Complainant claims that, in 2017, it purchased from Respondent an historic house, and that the sale included rights to the BADU HOUSE mark and to the <baduhouse.com> domain name previously owned by Respondent. The Complaint reflects that Respondent registered the challenged domain name on or about February 15, 2000, approximately seventeen (17) years before Complainant acquired the conveyed property. The Complaint thus concedes that the essence of this dispute is not one of abusive domain name registration that a UDRP panel has competency or jurisdiction to decide, but rather one involving enforcement of contract rights. See, for example, Love v. Barnett, FA 944826 (Forum May 14, 2007):

A dispute, such as the present one, … is outside the scope of the Policy … [T]he present case appears to hinge mostly on a business or civil dispute between the parties, with possible causes of action for breach of contract or fiduciary duty. Thus, the majority holds that the subject matter is outside the scope of the UDRP and dismisses the Complaint.
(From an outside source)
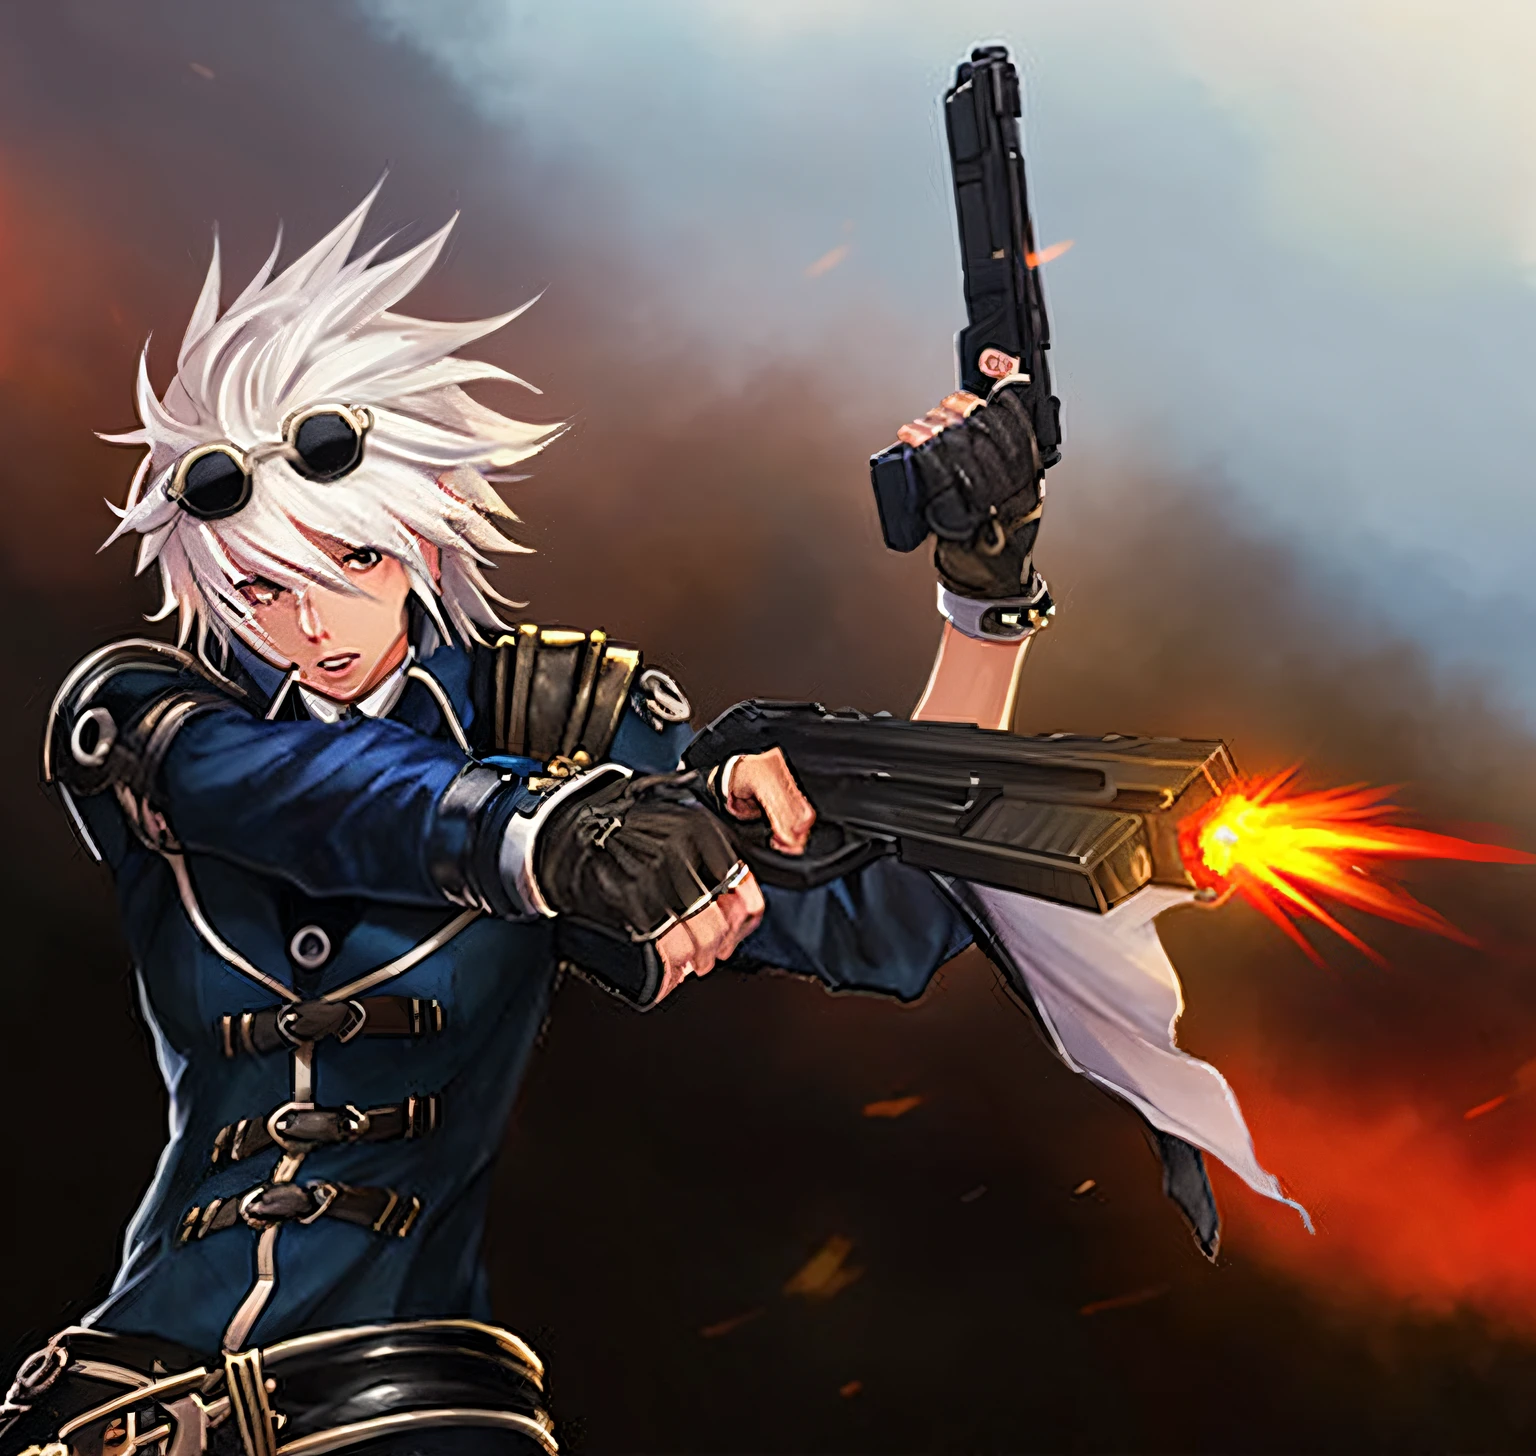 Anime character with gun and goggles holding a fireball, thancred waters in style of wlop, trigger anime artstyle, hero 2 d fanart artsation, 2D game fanart, anime machine gun fire, thancred waters, Epic anime style, eye-catching detailed art style, Detailed game art, 2 d digital video game art, character art the contra, detailed game art illustration

The problem with asking a UDRP panel, with the limited procedural and evidentiary tools available to it under the Policy, to resolve what is essentially a civil breach of contract or contested trademark rights dispute was elucidated earlier in Luvilon Indus. NV v. Top Serve Tennis Pty Ltd., DAU2005-0004 (WIPO September 6, 2005):

[The Policy’s purpose is to] combat abusive domain name registrations and not to provide a prescriptive code for resolving more complex trade mark disputes .… The issues between the parties are not limited to the law of trade marks. There are other intellectual property issues. There are serious contractual issues. There are questions of governing law and proper forum if the matter were litigated. Were all the issues fully ventilated before a Court of competent jurisdiction, there may be findings of implied contractual terms, minimum termination period, breach of contract, estoppels or other equitable defenses. So far as the facts fit within trade mark law, there may be arguments of infringement, validity of the registrations, ownership of goodwill, local reputation, consent, acquiescence, and so on.

See also Everingham Bros. Bait Co. v. Contigo Visual, FA 440219 (Forum April 27, 2005):

The Panel finds that this matter is outside the scope of the Policy because it involves a business dispute between two parties. The UDRP was implemented to address abusive cybersquatting, not contractual or legitimate business disputes.

Further see Fuze Beverage, LLC v. CGEYE, Inc., FA 844252 (Forum January 8, 2007):

The Complaint before us describes what appears to be a common-form claim of breach of contract or breach of fiduciary duty. It is not the kind of controversy, grounded exclusively in abusive cyber-squatting, that the Policy was designed to address.

DECISION

Therefore, it appearing from the undenied contentions contained in the Complaint filed in this proceeding that the dispute described therein is outside the scope of ICANN’s Uniform Domain Name Dispute Resolution Policy, it is Ordered that the Complaint be, and it is hereby, DISMISSED.